NCT ID: NCT03237975 Active, not recruiting - Clinical trials for Diabetes Mellitus, Type 2

BEYO Project to Promote Sense of Coherence and Self-care of Elderly People With Type 2 Diabetes

BEYO
Start date: March 27, 2017
Phase: N/A
Study type: Interventional

1. Objectives of the Project The BEYO project is designed based on the middle range theory of self-care of chronic illness and salutogenic theory. The aim of this project is to facilitate self-care behaviours of community-dwelling elderly patients with type 2 diabetes through promoting SOC, and accordingly improve their health outcomes, including promoting quality of life and reducing diabetes-related emotional distress. 2. Content of the Project BEYO is a group-based consultation project. Each group contains 1 facilitator, 1 assistant and 8 elderly patients. 5 weekly sessions are provided to let patients receive health knowledge, discuss problems and experiences, explore available resources and build up goals and solutions. Each session lasts for 40 minutes. Session 1 aims to build social network among group members and introduce group goals and tasks.
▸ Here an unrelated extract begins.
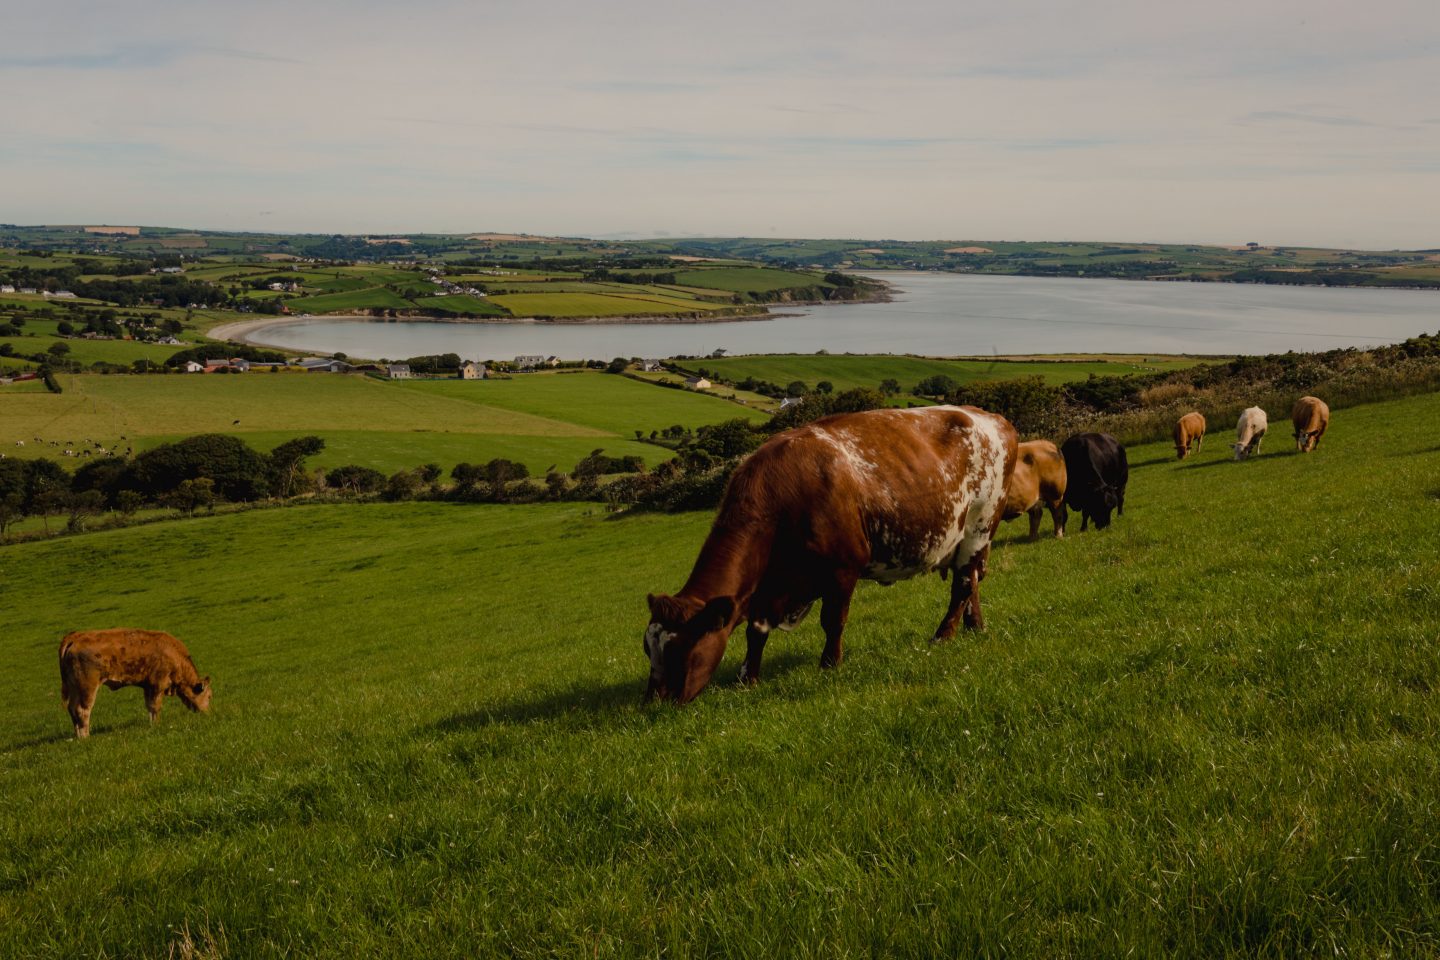 Cattle grazing in rich green fields,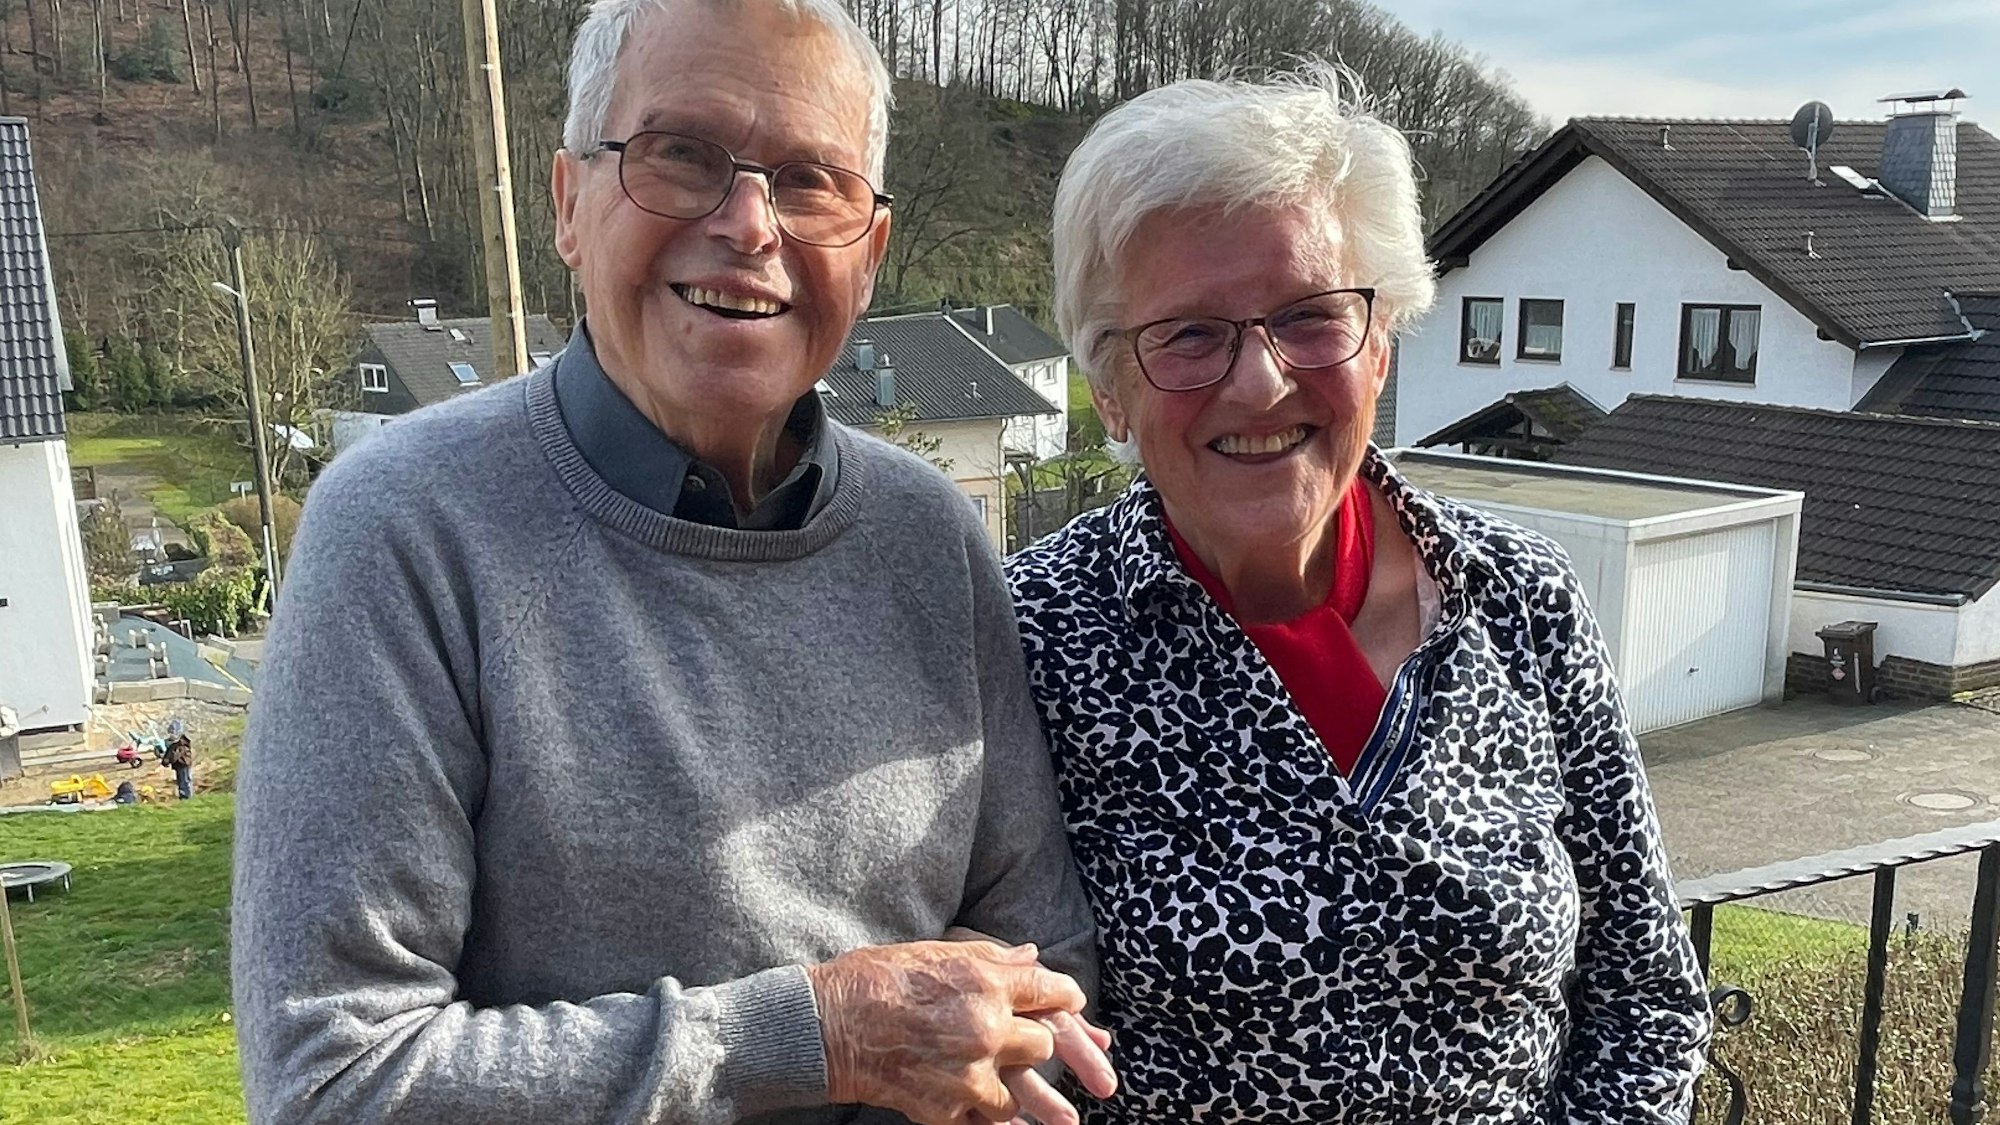 Seit 65 Jahren gehen Christel und Werner Stölting aus Engelskirchen-Schnellenbach gemeinsam durchs Leben. Am heutigen Sonntag feiern sie ihren besonderen Hochzeitstag. Unser Foto zeigt das Jubelpaar an seinem Haus.

Session 2-4 covers six topics based on the Chinese guideline for type 2 diabetes released by Chinese diabetes society: (i) healthy dietary, (ii) exercise and activity, (iii) taking medication, (iv) blood glucose monitoring, (v) reducing risks for complication, (vi) healthy coping with mental stress. These middle sessions execute a common session flow to construct an action plan utilizing patients' resources and strengths to achieve the client-centered goal. Session 5 aims to review the process, summarize effective solutions, and set up plans for the future. One-week, one-month and three-month telephone follow-ups are delivered to help patients solve problems encountered during implementing the action plan and evaluate their self-care, SOC and other health outcomes.